Logging data, reservoir porosities and natural hydrate saturation for the 142.9–147.7 m well section of Well DK-1 in the permafrost region of Qilian Mountains

Table 5 Mineral compositions and the corresponding bulk modulus and shear modulus of the rock in the 142.9–147.7 m section of Well DK-1 in the permafrost region of Qilian Mountains (Wang et al 2019)

According to the methods introduced in Sect. 2, the parameters of our proposed model for the 142.9–147.7 m well section of Well DK-1 in the permafrost region of Qilian Mountains are obtained, as shown in Table 6. And the porosity of the reservoir with or without hydrate are shown in Fig. 7.

Table 6 Parameters of the proposed model for the 142.9–147.7 m well section of Well DK-1 in the permafrost region of Qilian Mountains

4.3 Predicted results and analysis

According to the data of gas and water extracted from the samples at depths of 142.90 m, 143.25 m, 143.95 m, 144.30 m, 145.00 m, and 146.05 m of the Well DK-1, the measured saturations were determined based on the material balance equation for comparison. The measured saturations of these six samples are 7.5%, 15.8%, 37%, 37.2%, 38.5%, and 40.3%, respectively, as shown in Fig. 7. The measured saturations of the samples at depths of 142.90 m and 143.25 m are much lower than those of the other four samples. This would be due to that these two samples were collected near the upper border of section of Well DK-1in this reservoir. Therefore, according to the Shc of 8.10% for selecting the calculation models of Mode A or B to evaluate natural gas hydrate in reservoir, the calculation model of Mode A is chosen for the NGHS calculation of the 142.9–143.2 m well section and the calculation model of Mode B is used for the 143.2–147.7 m well section. Using the model parameters given in Sect. 4.2, NGHS for the 142.9–147.7 m well section of Well DK-1 in the permafrost region of Qilian Mountains can be calculated by the proposed model, as shown in Fig. 7.

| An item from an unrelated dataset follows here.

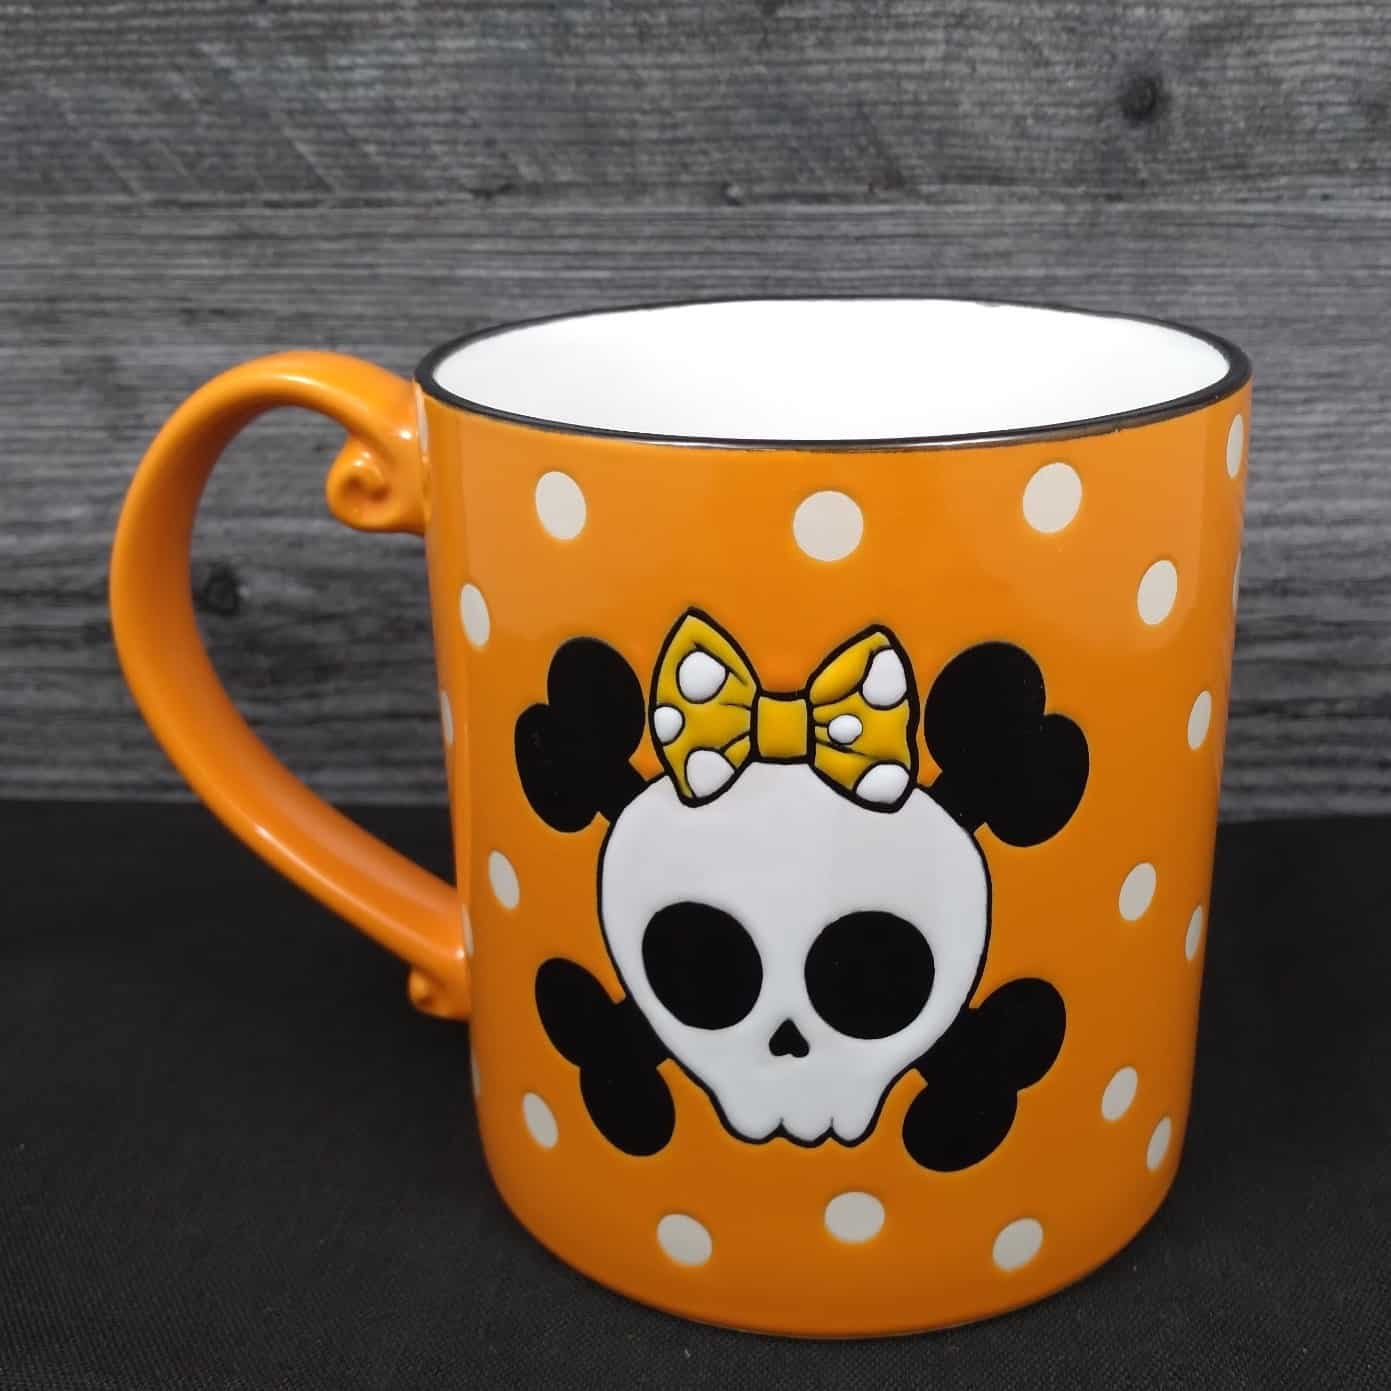 This Halloween Female Skull Coffee Mug Beverage Tea Cup 18oz 532ml by Blue Sky is made with love by Premier Homegoods! Shop more unique gift ideas today with Spots Initiatives, the best way to support creators.

NGHSs predicted by the proposed model for the 142.9–147.7 m well section of Well DK-1 are in the range of 5.3–54.1%. The errors of the predicted results at well depths of 142.90 m, 143.25 m, 143.95 m, 144.30 m, 145.00 m, and 146.05 m of the Well DK-1 are 9.33%, 13.92%, 10.00%, 10.75%, 9.87%, and 9.18%, respectively, with an average error of 10.56%. This indicates that the proposed model can evaluate NGHS in the reservoir of the Qilian Mountains permafrost region with reasonable accuracy. In addition, the error of NGHS predicted by the model of Mode A is generally lower than those predicted by the model of Mode B, and the error of NGHS predicted by the model of Mode B decreases with increasing measured saturation. The change behavior of prediction error with measured saturation are consistent with the results obtained by the experiments, as shown in Fig. 4a. The reason for this would be that some part of the natural gas hydrate is regarded as water for NGHS calculation using the proposed model of Mode B when the NGHS is relatively low, as mentioned in Sect. 3.4. Furthermore, the length of the analyzed well section is only 4.8 m, and the difference of the minimum in-situ stress in the vertical two horizontal directions calculated by this proposed model is lower than 0.113 MPa. Therefore, the effect of the stress difference can be ignored resulting in that there is no relation between the error of the predicted results and the depth.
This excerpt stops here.